Great, everyone, thanks for continuing to join us on this week of Virtual Oncology Days. My name is Brad Canino. Really happy to be joined for the next Fireside with the crew from Syndax. We've got Michael Metzger, CEO; Neil Gallagher, President, R&D; Anjali Ganguli, CBO; and Keith Goldman, CFO. Full house today. Thanks so much for joining us. Michael, let me first offer congratulations for all the progress made to date this year, with the two PDUFA date announcements. So could you just start off with an overview of the milestones and priorities for Syndax for the rest of the year?
Well, thank you, Brad. Thanks for having us today. Always, a pleasure to be with you at your conference and otherwise, and for all the great coverage of Syndax over the last period. So, look, you're right. It is an exciting time for the company as we push forward here with our two programs. Our two molecules are under review with the FDA for potential approval. We have PDUFA dates, which were announced this past quarter, and Revumenib is September 28th or September 26th, rather, is the PDUFA date. The program is being reviewed under RTOR, which is Real-Time Oncology Review, so that's quite an advantage in terms of timing for us, and we'll talk a little bit about that.
Important milestone for the company, Axetilimab, as BLA was filed, and we have an action date of August 28th, so roughly one month apart. So that's those are two very important milestones, approval milestones, potentially for the company. And of course, launches thereafter. We do expect to launch these products in close proximity to approval, which means we'll have two products on the market and be a full commercial company as of this year. So it's a really important, you know, transition for the company as we build out our commercial organization as well. So beyond those, really important milestones, regulatory milestones, we will have data on for specifically for Revumenib, combination data that continues to evolve.
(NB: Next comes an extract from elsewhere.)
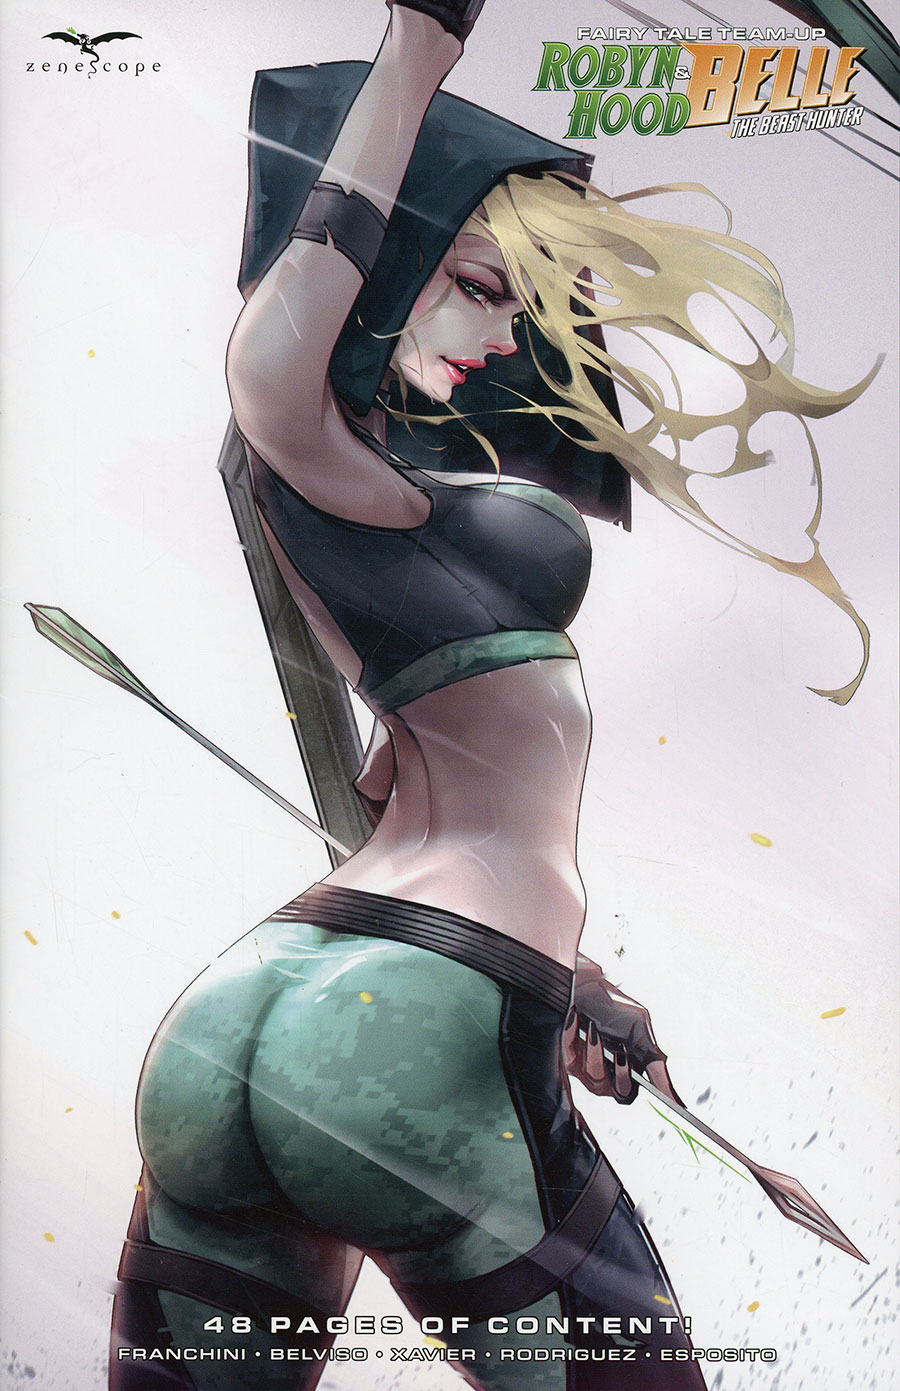 Grimm Fairy Tales Presents Fairy Tale Team-Up Robyn Hood & Belle The Beast Hunter #1 (One Shot) Cover C Ivan Tao
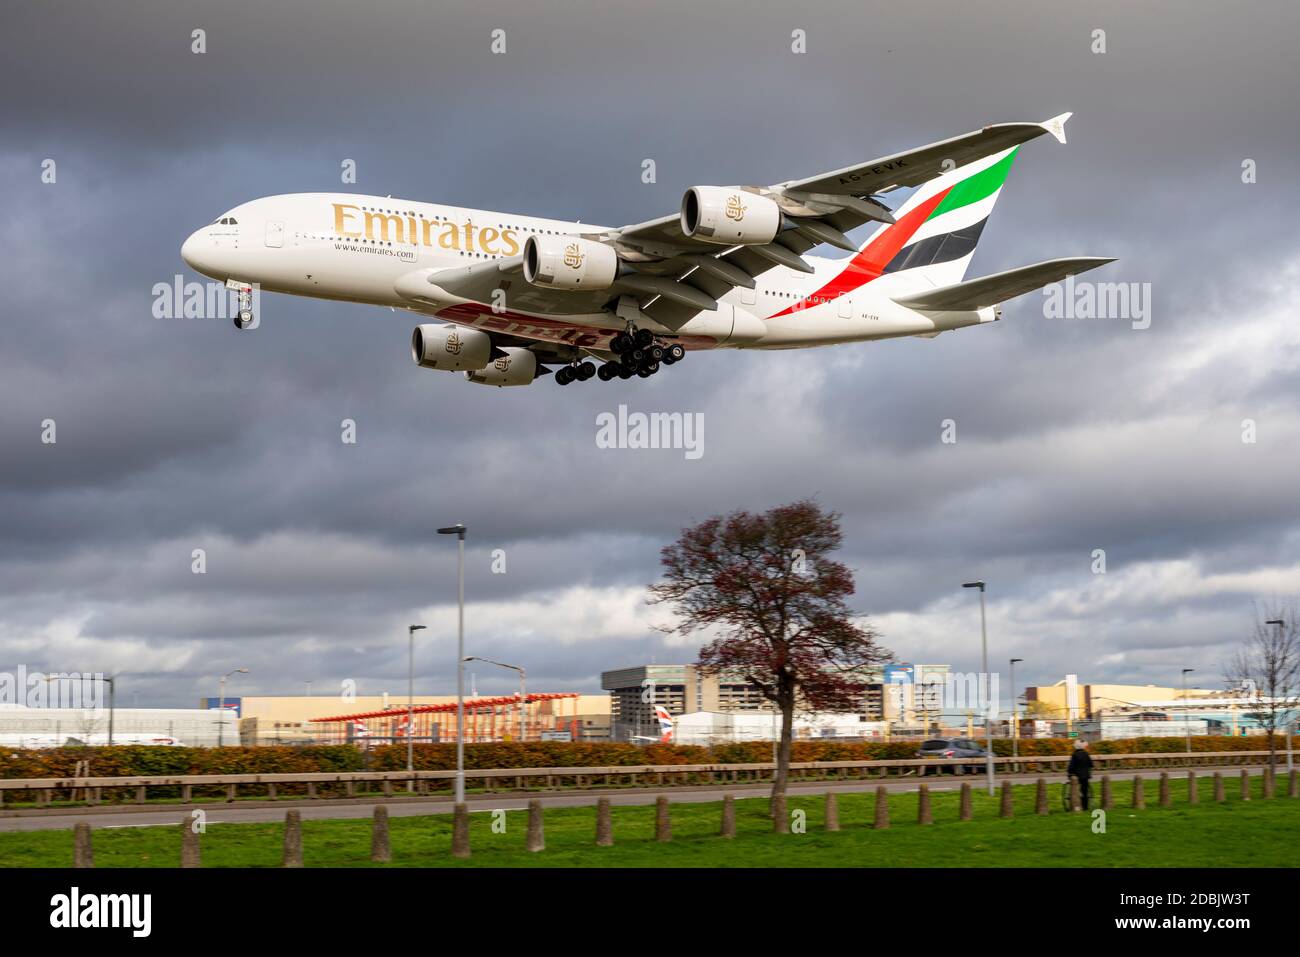 Emirates Airbus A380 super jumbo airliner jet plane landing at London Heathrow Airport, UK, passing over the A30 Great South West Road under clouds Stock Photo

We haven't announced exactly where we'll have that data this year, but we'll have additional data for both frontline patients and relapsed/refractory patients in combination with venetoclax. So those are, you know, important studies that continue, and data will be presented in the second half of the year. We're also starting pivotal trials for Revumenib in frontline patients, which will lead hopefully to approvals down the line. But a lot of data coming. In addition to that, we have a pivotal trial that's reading out our second pivotal trial for Revumenib. For NPM1 patients, we did enroll a big milestone for the company, enrolling our pivotal trial, 64 patients, 64 adult patients in AML, NPM1.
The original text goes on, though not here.